> [What to work on]: Where an image appears in the data, omit it and reproduce the rest exactly.

> [Information shown]:
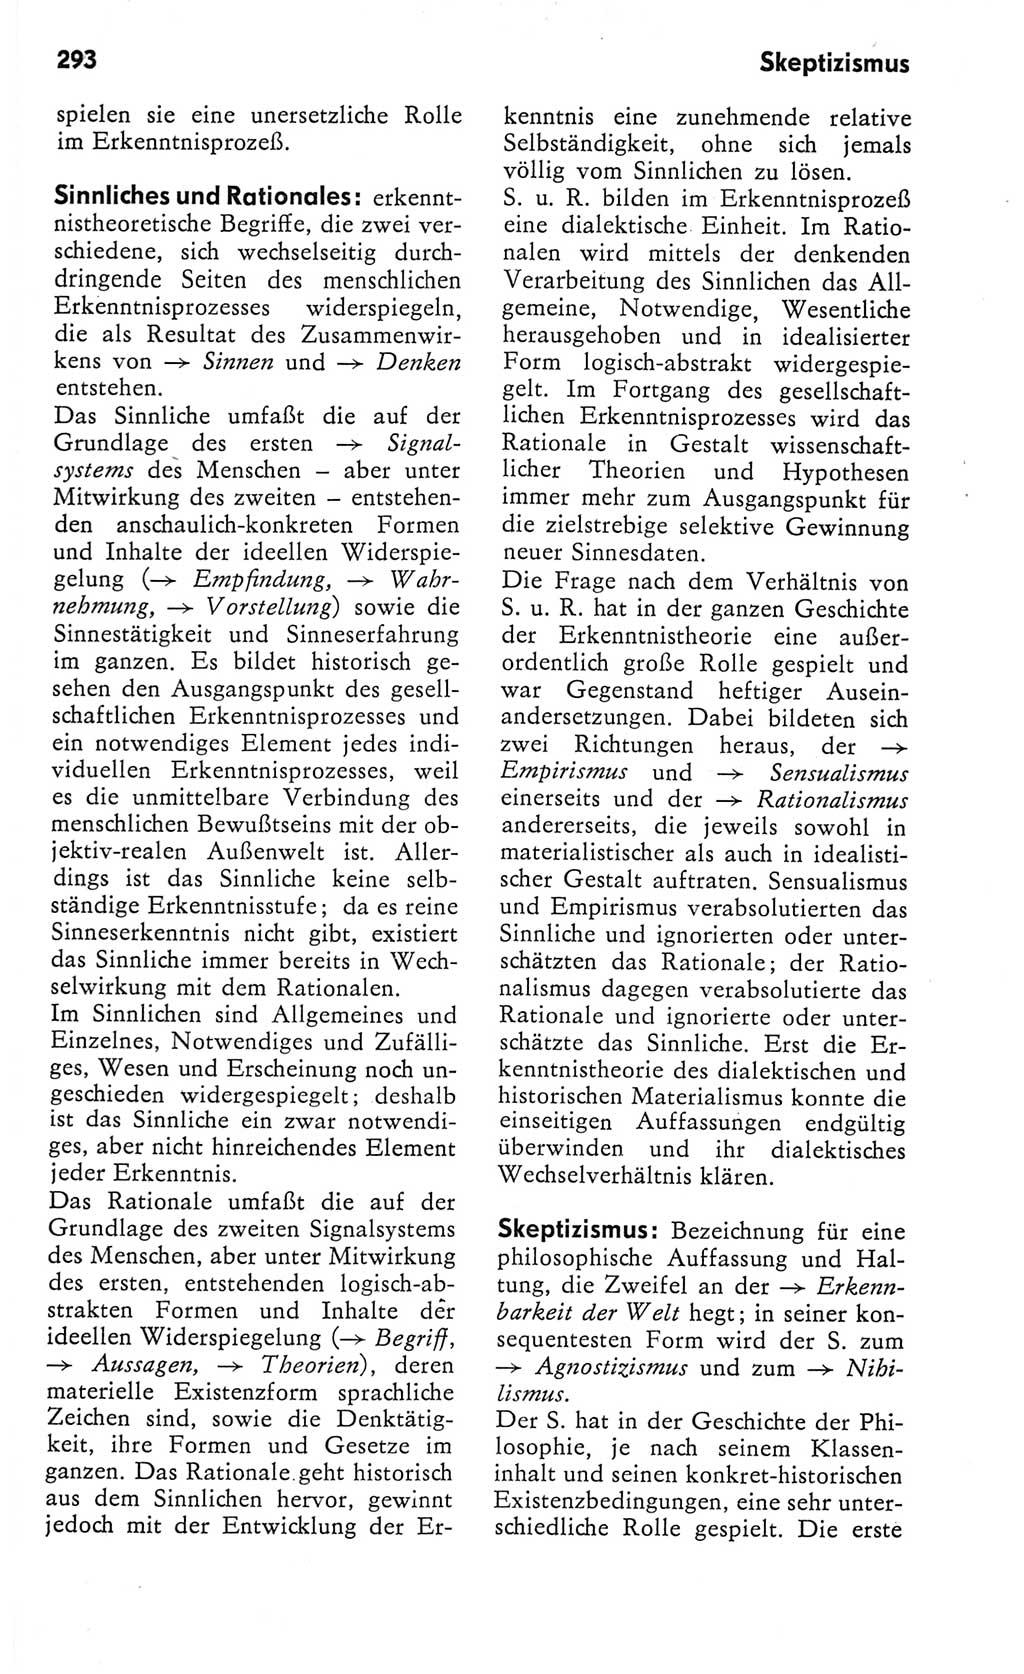 Kleines Wörterbuch der marxistisch-leninistischen Philosophie [Deutsche Demokratische Republik (DDR)] 1982, Seite 293 (Kl. Wb. ML Phil. DDR 1982, S. 293)
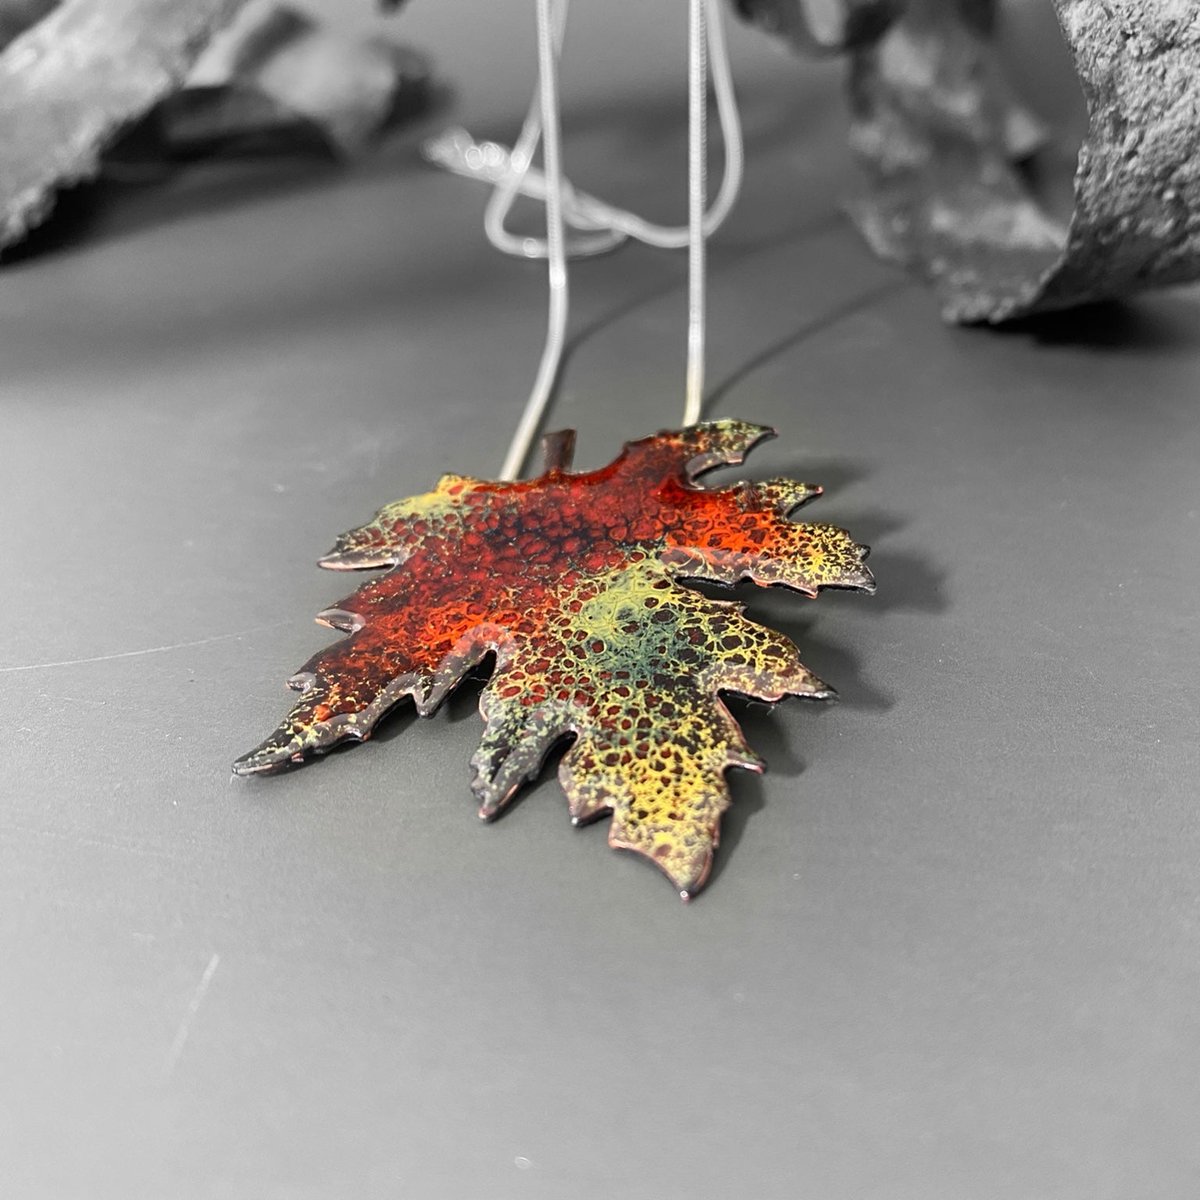 Enamel Maple Leaf Pendant tuppu.net/9eecdc51 #HandmadeHour #MHHSBD #bizbubble #inbizhour #shopsmall #UKHashtags #giftideas ##UKGiftHour
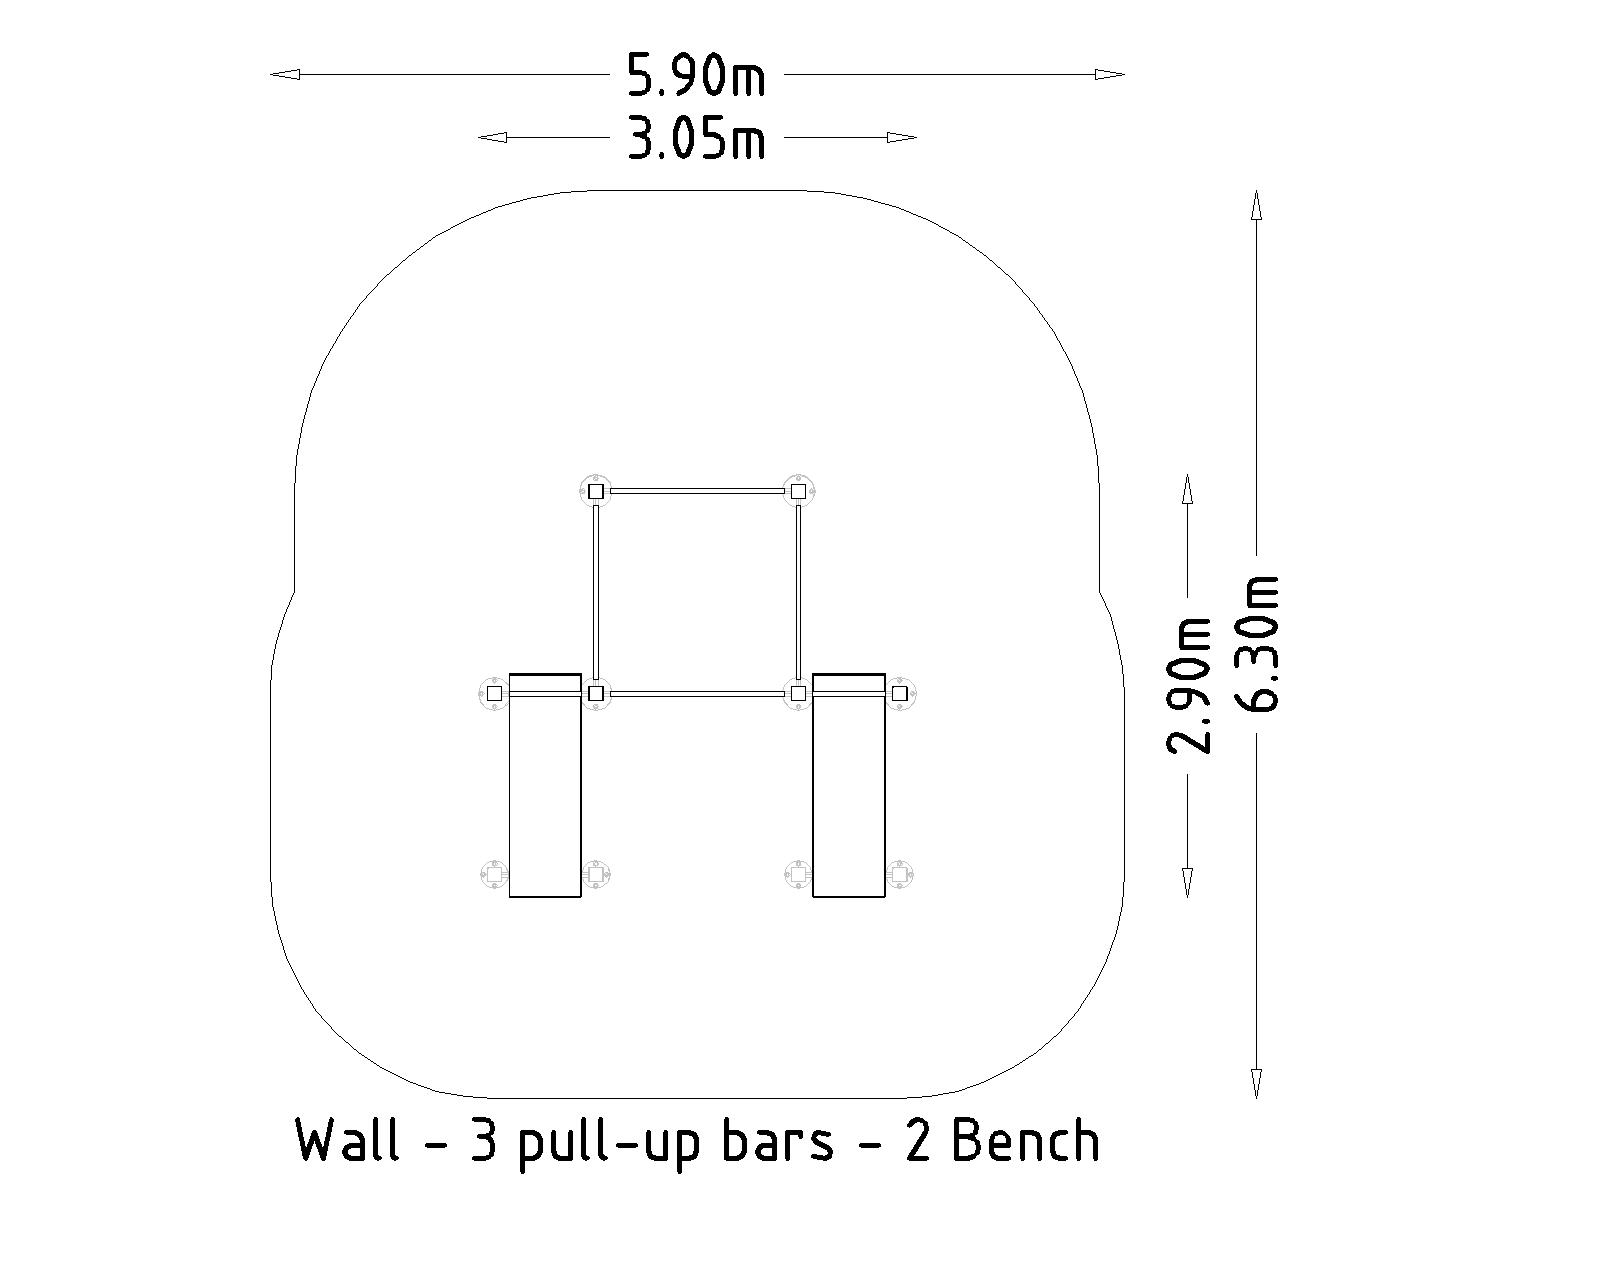 Denfit Wall - 3 Pull Up Bars
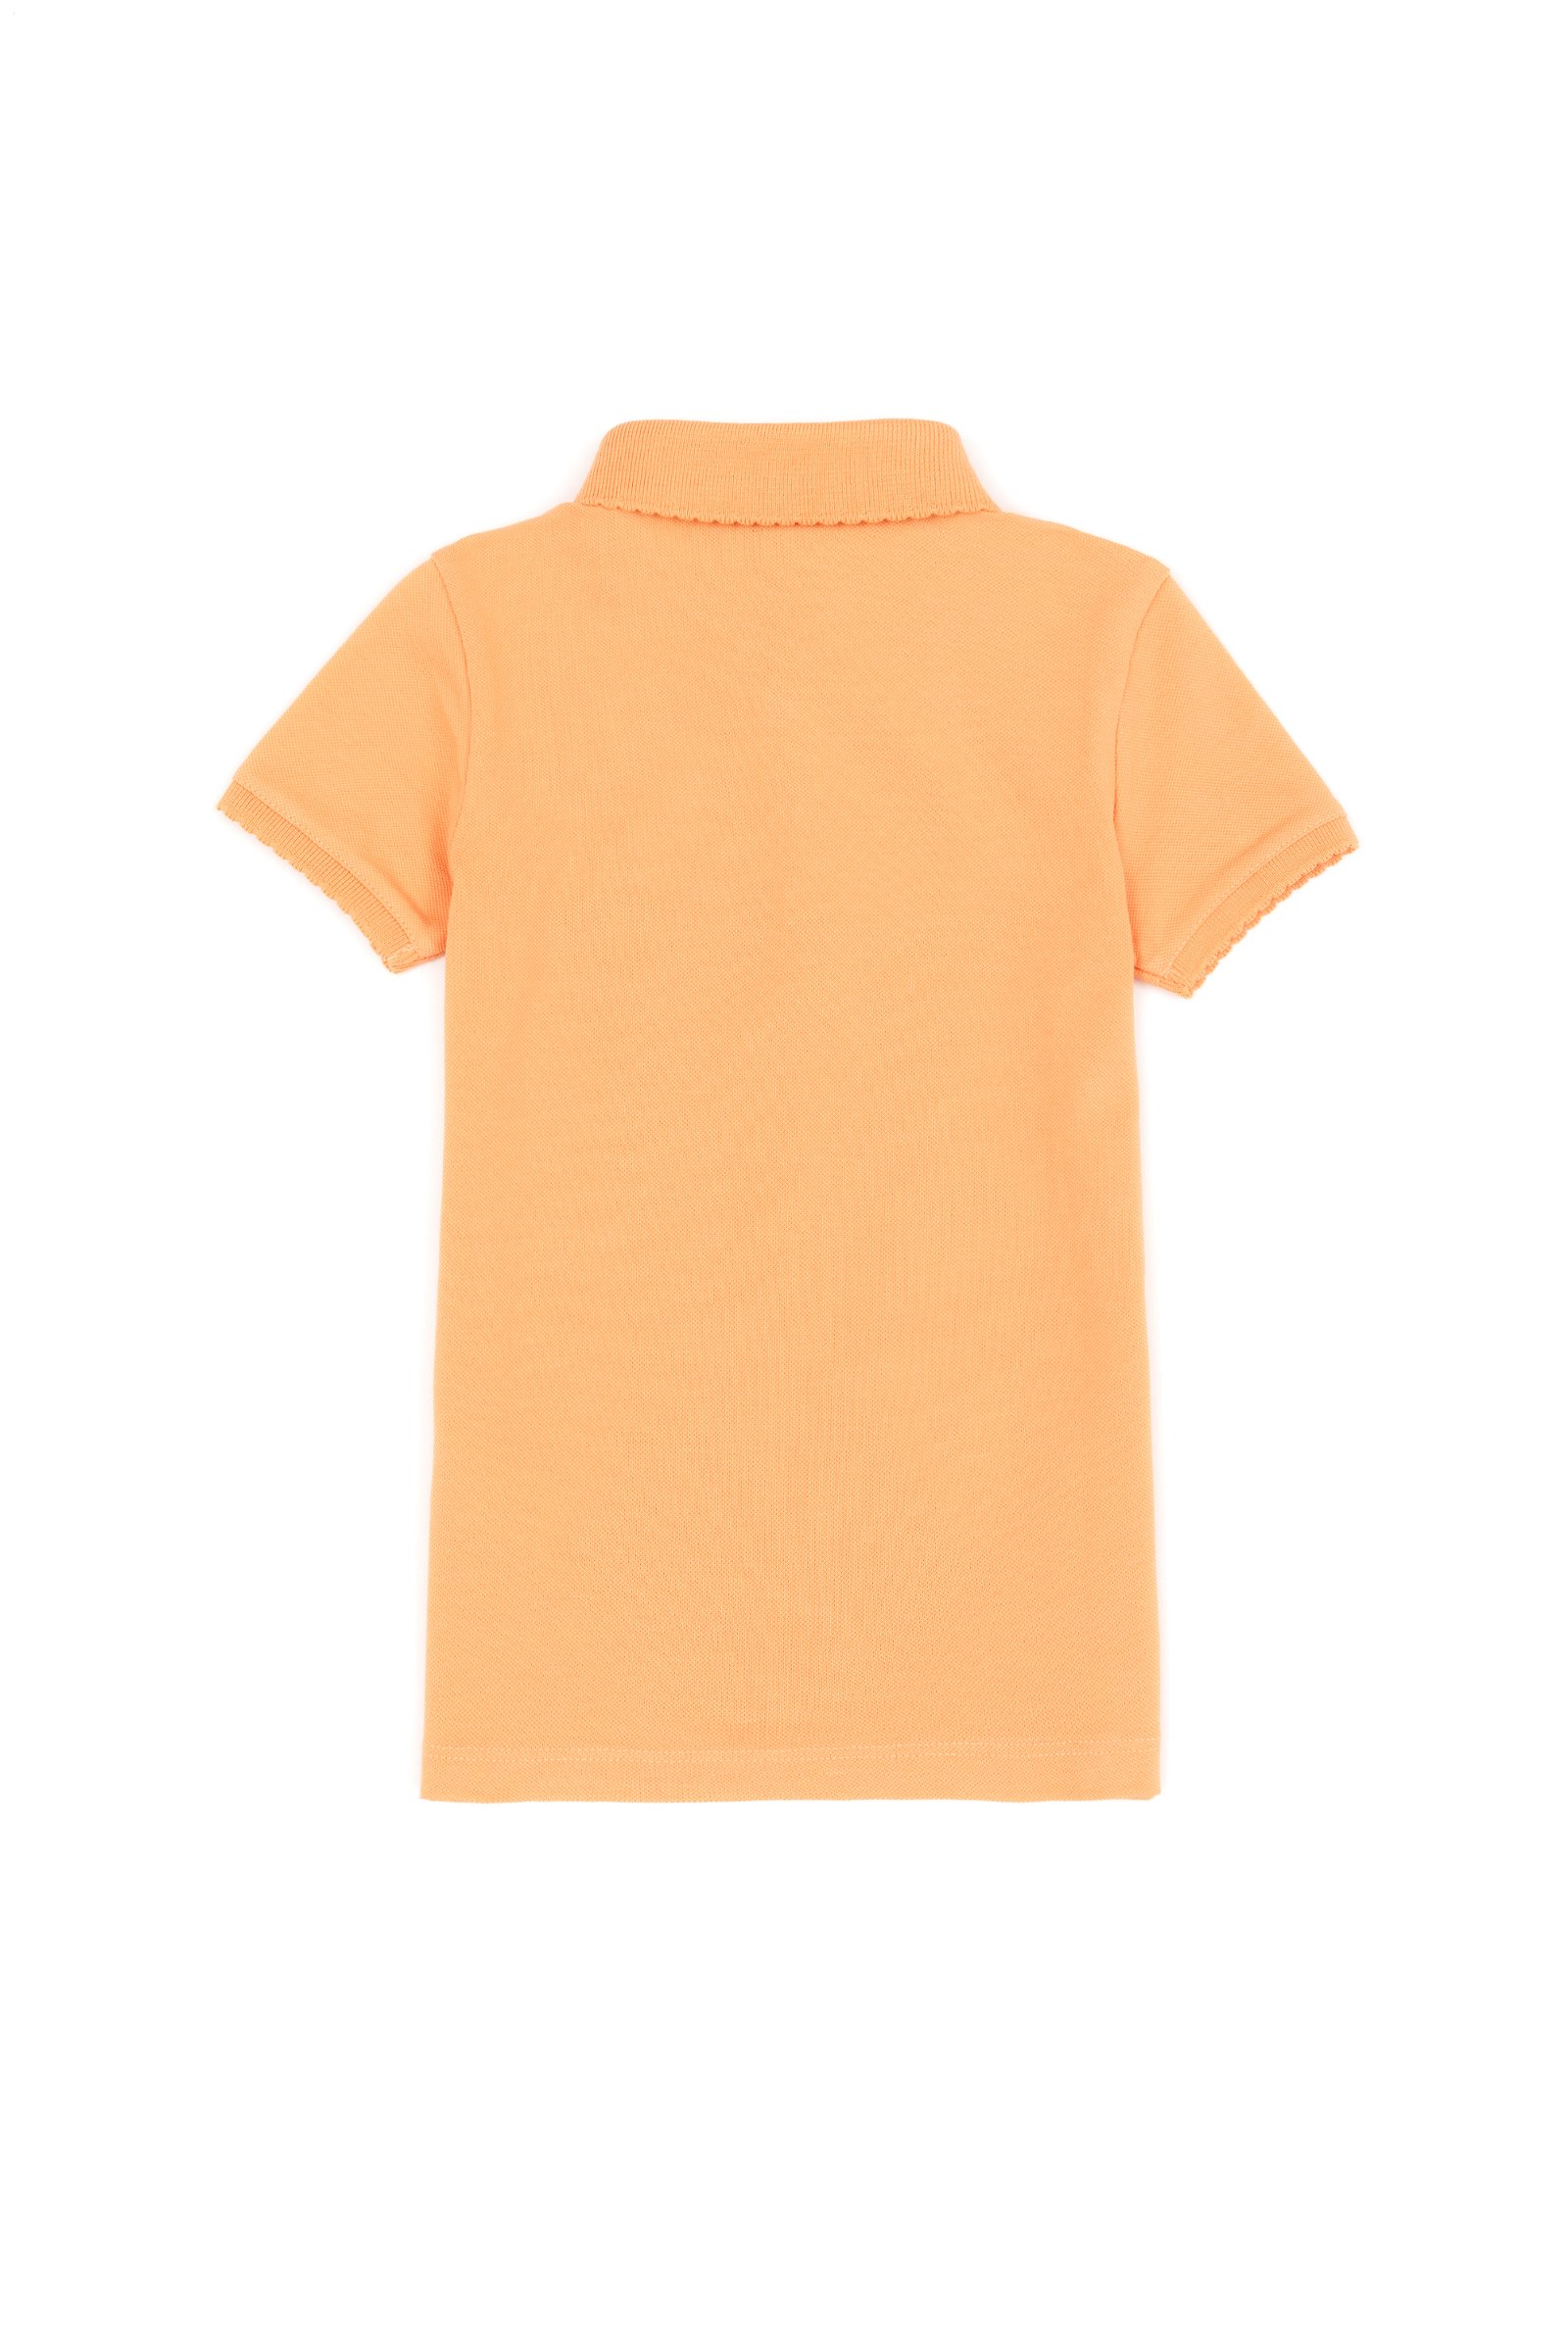 تی شرت  زرد  استاندارد فیت  دخترانه یو اس پولو

> [Reply to the exercise]:
 Kleines Wörterbuch der marxistisch-leninistischen Philosophie [Deutsche Demokratische Republik (DDR)] 1982, Seite 293 (Kl. Wb. ML Phil. DDR 1982, S. 293)
 Enamel Maple Leaf Pendant tuppu.net/9eecdc51 #HandmadeHour #MHHSBD #bizbubble #inbizhour #shopsmall #UKHashtags #giftideas ##UKGiftHour
 Denfit Wall - 3 Pull Up Bars
 تی شرت  زرد  استاندارد فیت  دخترانه یو اس پولو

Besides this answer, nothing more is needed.